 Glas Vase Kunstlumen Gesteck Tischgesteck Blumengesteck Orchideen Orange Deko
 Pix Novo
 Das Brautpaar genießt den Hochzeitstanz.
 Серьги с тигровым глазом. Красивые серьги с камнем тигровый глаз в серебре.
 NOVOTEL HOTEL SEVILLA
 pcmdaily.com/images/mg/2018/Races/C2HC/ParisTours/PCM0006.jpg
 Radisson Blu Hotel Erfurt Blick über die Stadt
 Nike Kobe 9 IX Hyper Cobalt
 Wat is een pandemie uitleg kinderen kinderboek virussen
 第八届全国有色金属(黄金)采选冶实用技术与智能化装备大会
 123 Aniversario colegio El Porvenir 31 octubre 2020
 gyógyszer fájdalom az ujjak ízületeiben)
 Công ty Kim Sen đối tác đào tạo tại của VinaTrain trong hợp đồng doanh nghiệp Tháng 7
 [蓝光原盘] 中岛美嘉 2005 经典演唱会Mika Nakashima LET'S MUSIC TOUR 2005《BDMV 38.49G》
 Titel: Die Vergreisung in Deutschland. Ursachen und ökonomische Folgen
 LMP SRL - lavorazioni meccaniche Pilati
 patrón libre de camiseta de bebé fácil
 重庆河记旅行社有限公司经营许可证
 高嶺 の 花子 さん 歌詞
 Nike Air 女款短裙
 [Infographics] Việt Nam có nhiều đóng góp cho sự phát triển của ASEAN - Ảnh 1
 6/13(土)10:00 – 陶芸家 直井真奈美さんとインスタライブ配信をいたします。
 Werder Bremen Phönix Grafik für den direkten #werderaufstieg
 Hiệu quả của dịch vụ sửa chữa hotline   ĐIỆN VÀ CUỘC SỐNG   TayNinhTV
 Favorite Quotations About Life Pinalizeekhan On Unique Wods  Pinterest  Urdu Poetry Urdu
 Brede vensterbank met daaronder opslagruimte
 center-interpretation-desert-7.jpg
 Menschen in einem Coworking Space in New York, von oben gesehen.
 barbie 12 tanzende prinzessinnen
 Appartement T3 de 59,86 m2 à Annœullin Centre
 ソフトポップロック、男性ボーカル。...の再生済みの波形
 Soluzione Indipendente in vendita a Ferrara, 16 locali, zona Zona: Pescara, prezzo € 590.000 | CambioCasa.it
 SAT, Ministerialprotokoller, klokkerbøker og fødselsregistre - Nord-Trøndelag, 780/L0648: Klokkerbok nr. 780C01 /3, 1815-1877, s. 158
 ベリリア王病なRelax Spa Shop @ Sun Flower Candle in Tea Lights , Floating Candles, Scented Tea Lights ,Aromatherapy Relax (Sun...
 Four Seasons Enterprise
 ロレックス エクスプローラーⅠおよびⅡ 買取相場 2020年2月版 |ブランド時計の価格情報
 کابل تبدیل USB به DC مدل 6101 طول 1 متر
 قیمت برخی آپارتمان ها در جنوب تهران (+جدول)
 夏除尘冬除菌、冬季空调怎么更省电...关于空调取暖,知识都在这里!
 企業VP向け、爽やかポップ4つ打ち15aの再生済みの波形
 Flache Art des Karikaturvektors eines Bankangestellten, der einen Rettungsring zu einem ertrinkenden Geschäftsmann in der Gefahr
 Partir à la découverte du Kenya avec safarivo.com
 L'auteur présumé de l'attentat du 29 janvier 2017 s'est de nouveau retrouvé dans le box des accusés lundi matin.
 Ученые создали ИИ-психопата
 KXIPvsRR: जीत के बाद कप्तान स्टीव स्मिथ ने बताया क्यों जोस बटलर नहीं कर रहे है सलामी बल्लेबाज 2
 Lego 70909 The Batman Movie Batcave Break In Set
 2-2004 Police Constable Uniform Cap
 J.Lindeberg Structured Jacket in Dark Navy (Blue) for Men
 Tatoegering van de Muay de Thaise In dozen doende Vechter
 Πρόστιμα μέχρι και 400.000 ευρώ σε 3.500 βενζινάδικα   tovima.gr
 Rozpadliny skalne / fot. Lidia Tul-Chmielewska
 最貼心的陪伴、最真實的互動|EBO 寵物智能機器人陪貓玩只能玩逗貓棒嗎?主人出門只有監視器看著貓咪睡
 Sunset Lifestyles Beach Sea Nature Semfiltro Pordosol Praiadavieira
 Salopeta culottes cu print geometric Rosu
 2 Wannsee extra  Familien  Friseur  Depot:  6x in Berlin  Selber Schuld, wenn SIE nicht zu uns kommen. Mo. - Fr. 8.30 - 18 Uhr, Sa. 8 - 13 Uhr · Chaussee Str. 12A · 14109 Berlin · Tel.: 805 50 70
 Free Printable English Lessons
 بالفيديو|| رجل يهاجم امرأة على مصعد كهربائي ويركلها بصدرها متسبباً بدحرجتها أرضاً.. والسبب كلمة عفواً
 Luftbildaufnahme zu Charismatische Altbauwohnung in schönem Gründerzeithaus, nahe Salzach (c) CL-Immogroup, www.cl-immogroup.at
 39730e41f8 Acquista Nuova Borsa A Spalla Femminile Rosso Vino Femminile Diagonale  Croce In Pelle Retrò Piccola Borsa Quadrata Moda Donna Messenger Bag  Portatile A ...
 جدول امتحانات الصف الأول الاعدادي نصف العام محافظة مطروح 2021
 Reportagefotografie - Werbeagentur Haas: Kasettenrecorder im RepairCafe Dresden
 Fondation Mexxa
###
REQUIREMENT: Search the material above for "جدول". Copy each line that has it.

EXERCISE RESULT:
 قیمت برخی آپارتمان ها در جنوب تهران (+جدول)
 جدول امتحانات الصف الأول الاعدادي نصف العام محافظة مطروح 2021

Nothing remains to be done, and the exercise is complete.